▸ DATA SHOWN
+===+

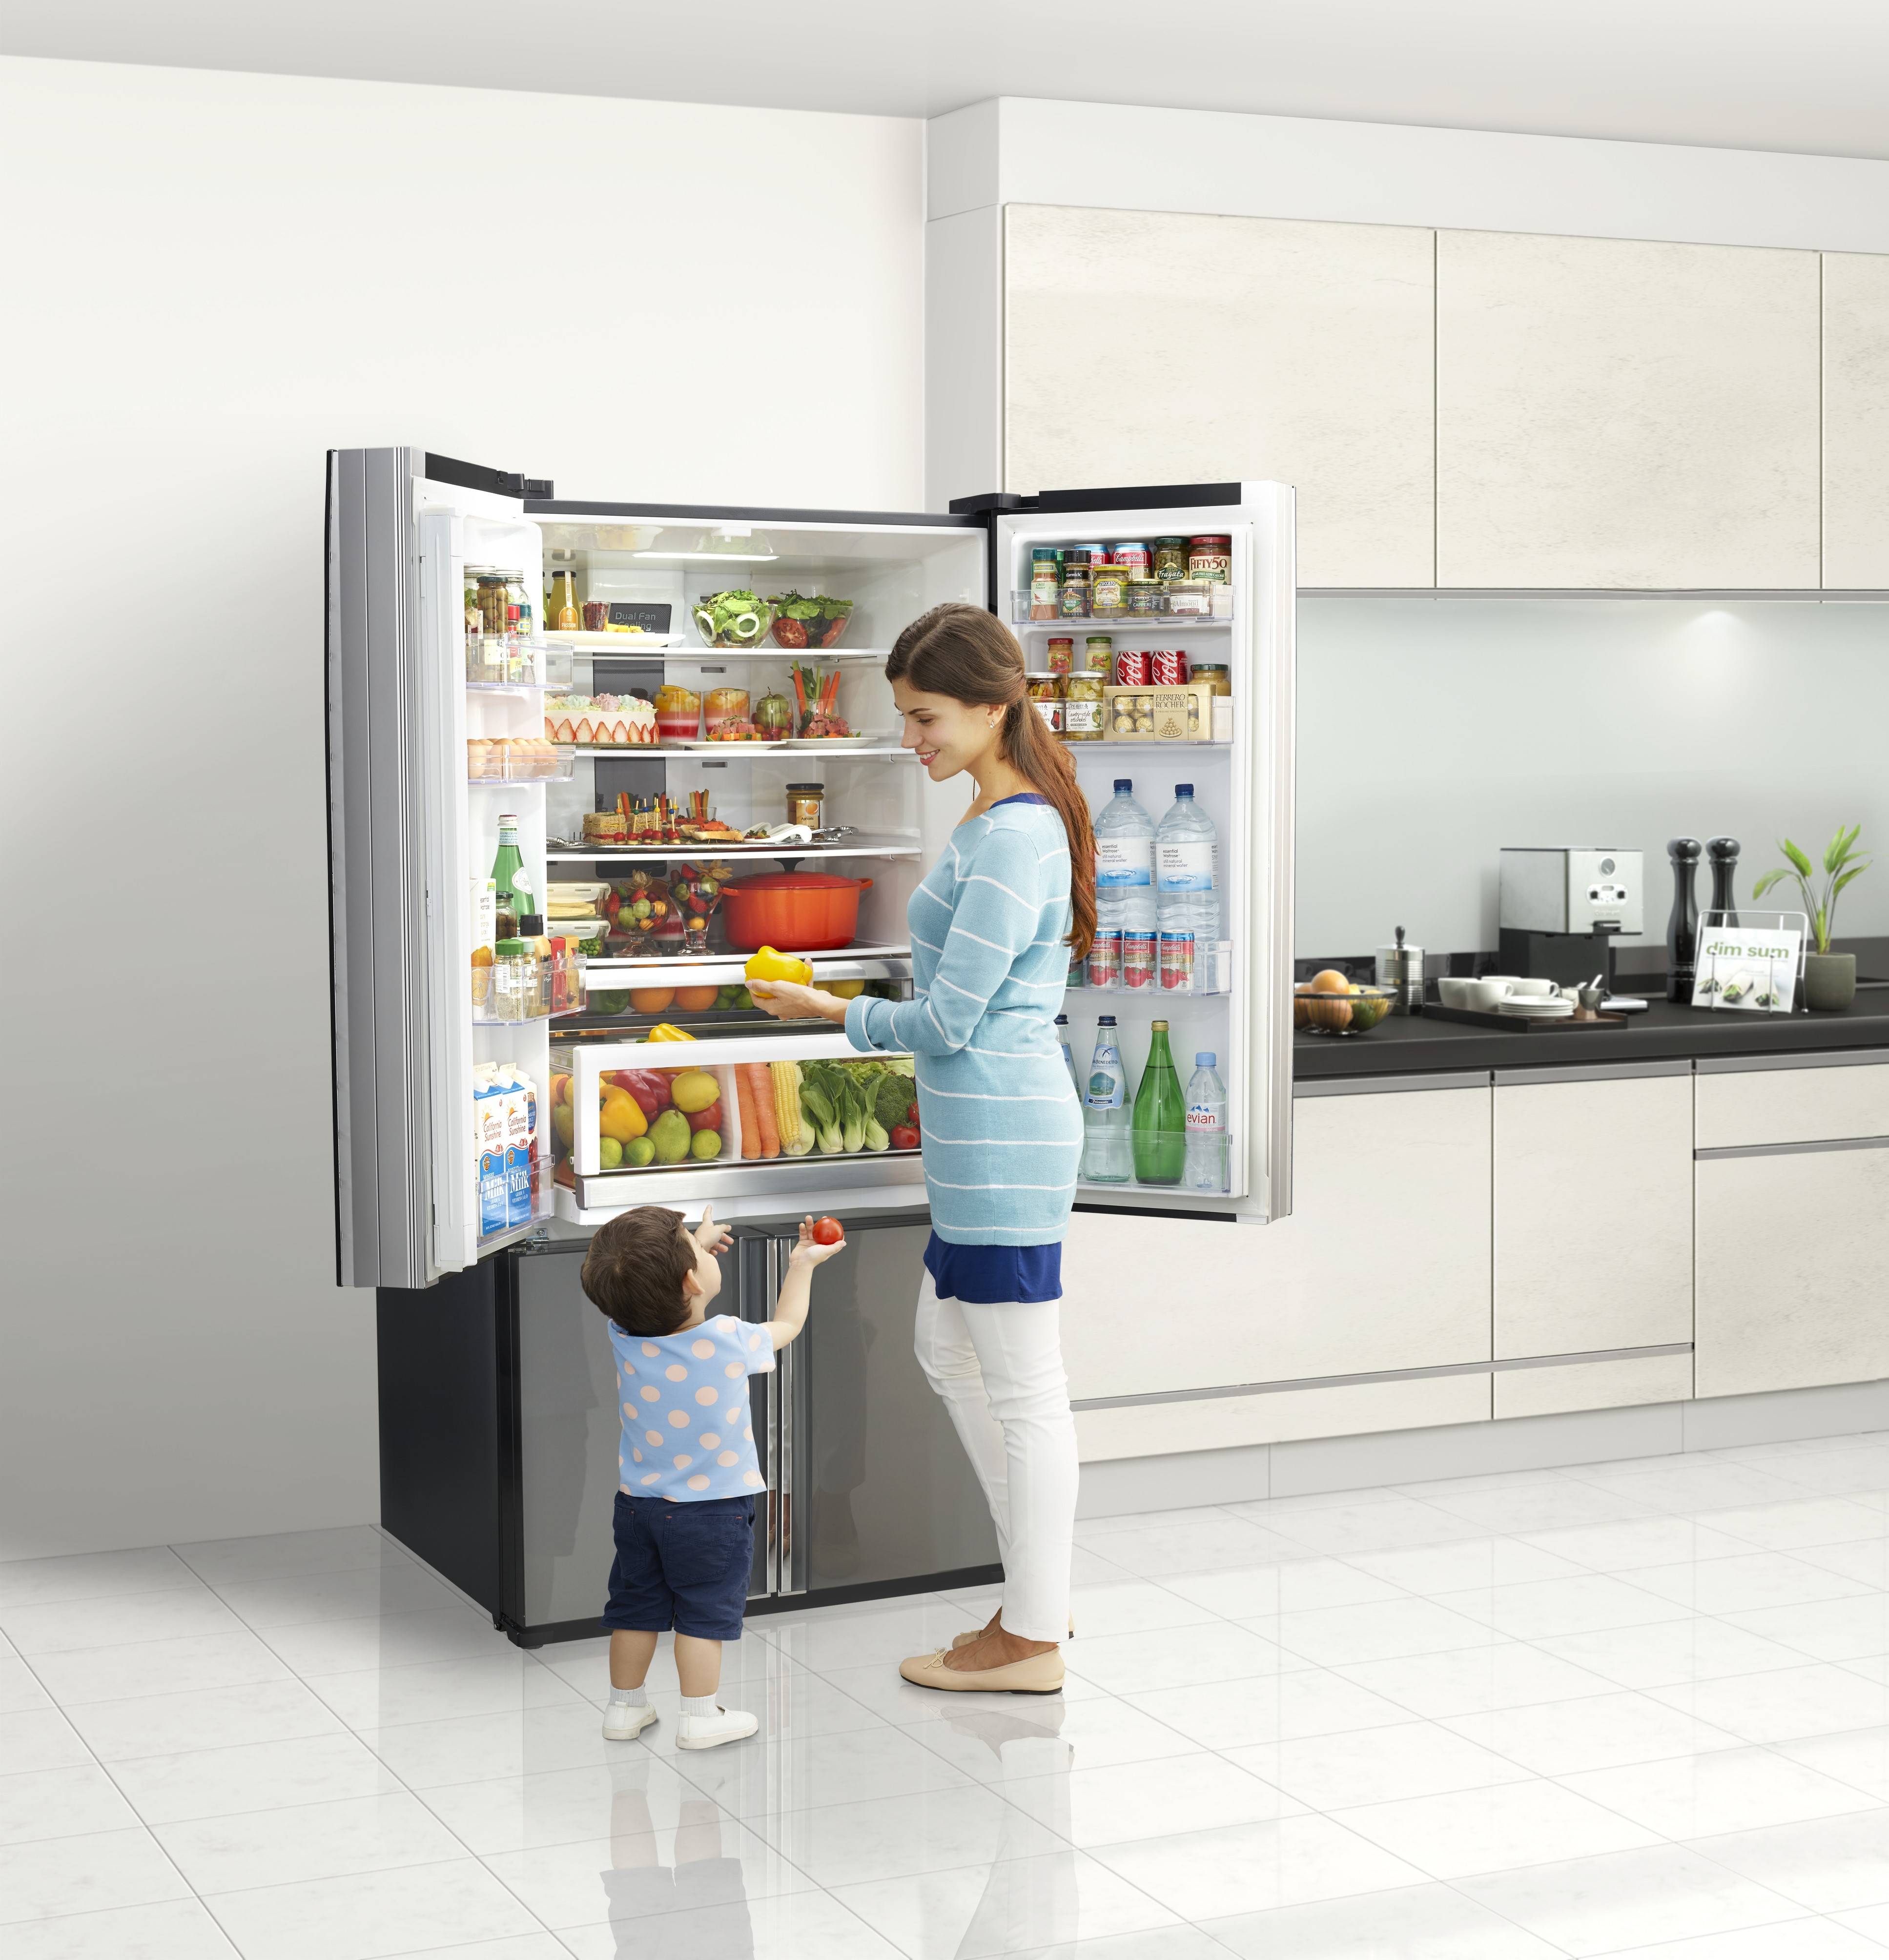 Thiết kế tủ lạnh Hitachi có kiểu dáng thân thiện và hiện đại
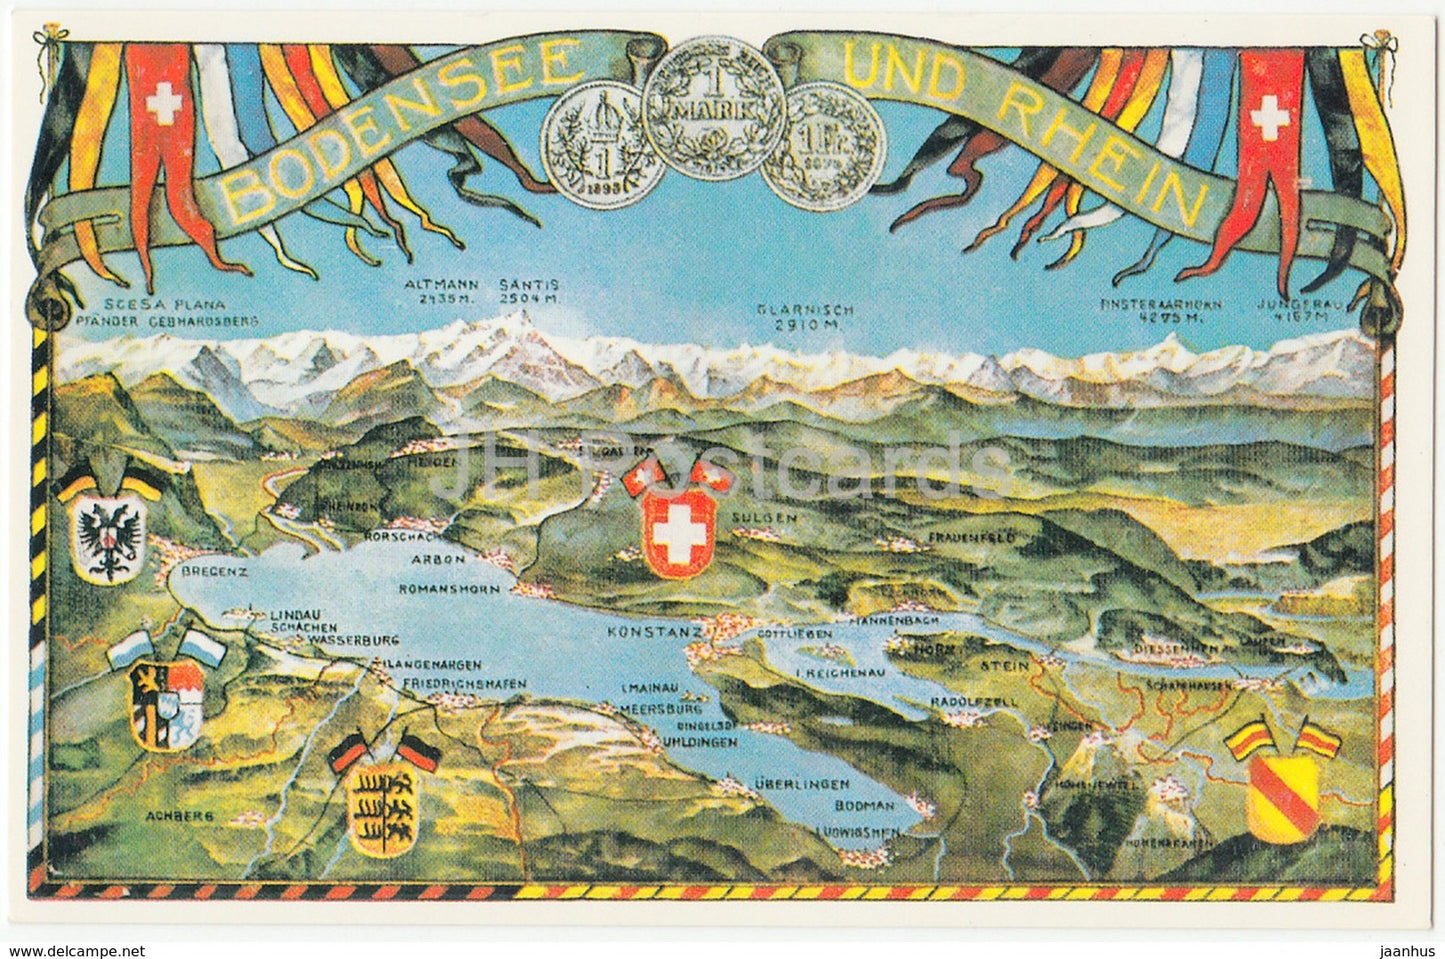 Bodensee und Rhein - Bodenseepanorama um 1910 - map - REPRODUCTION - Switzerland - unused - JH Postcards
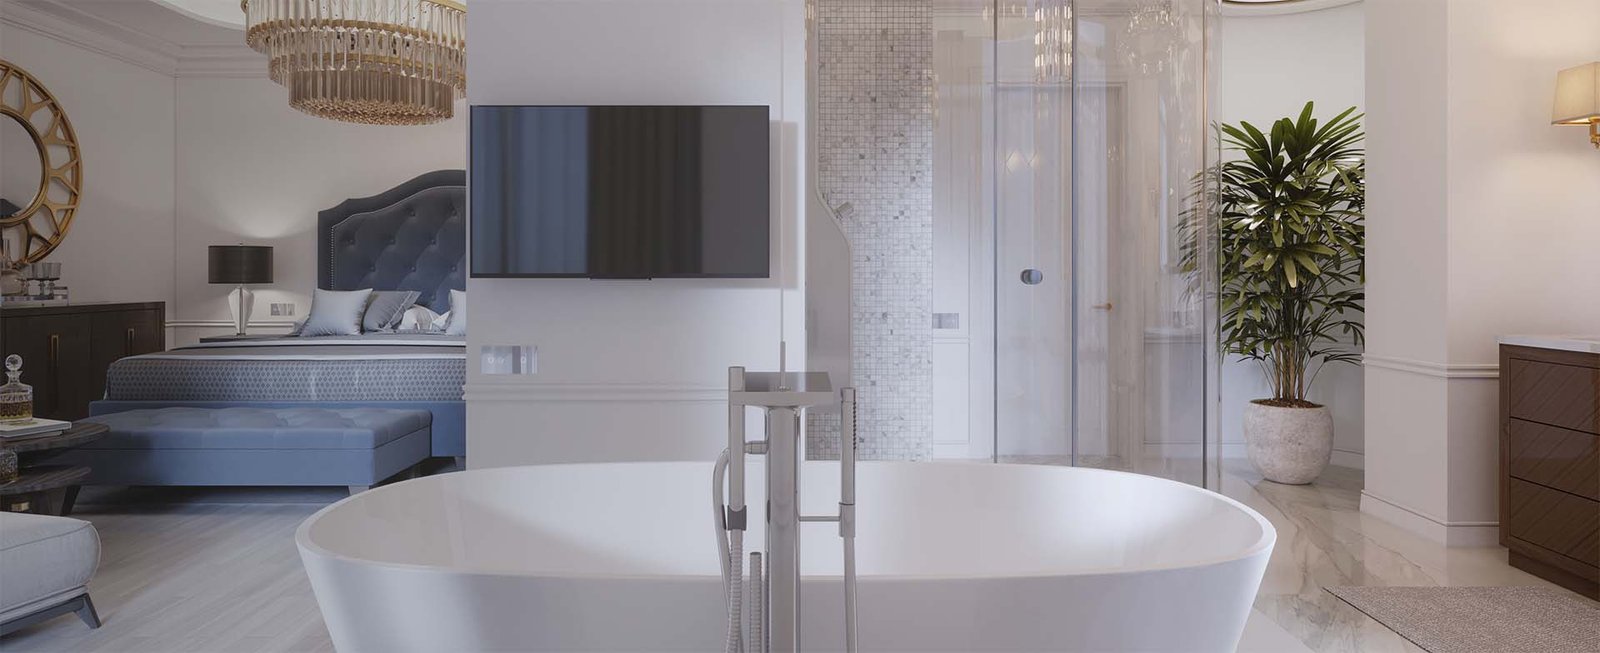 Offenes Badezimmer mit Design

+===+

▸ EXERCISE DETAILS
Please restate the material word for word; the pictures stay out.

▸ RESULT BELOW
 Thiết kế tủ lạnh Hitachi có kiểu dáng thân thiện và hiện đại
 Bodensee und Rhein - Bodenseepanorama um 1910 - map - REPRODUCTION - Switzerland - unused - JH Postcards
 Offenes Badezimmer mit Design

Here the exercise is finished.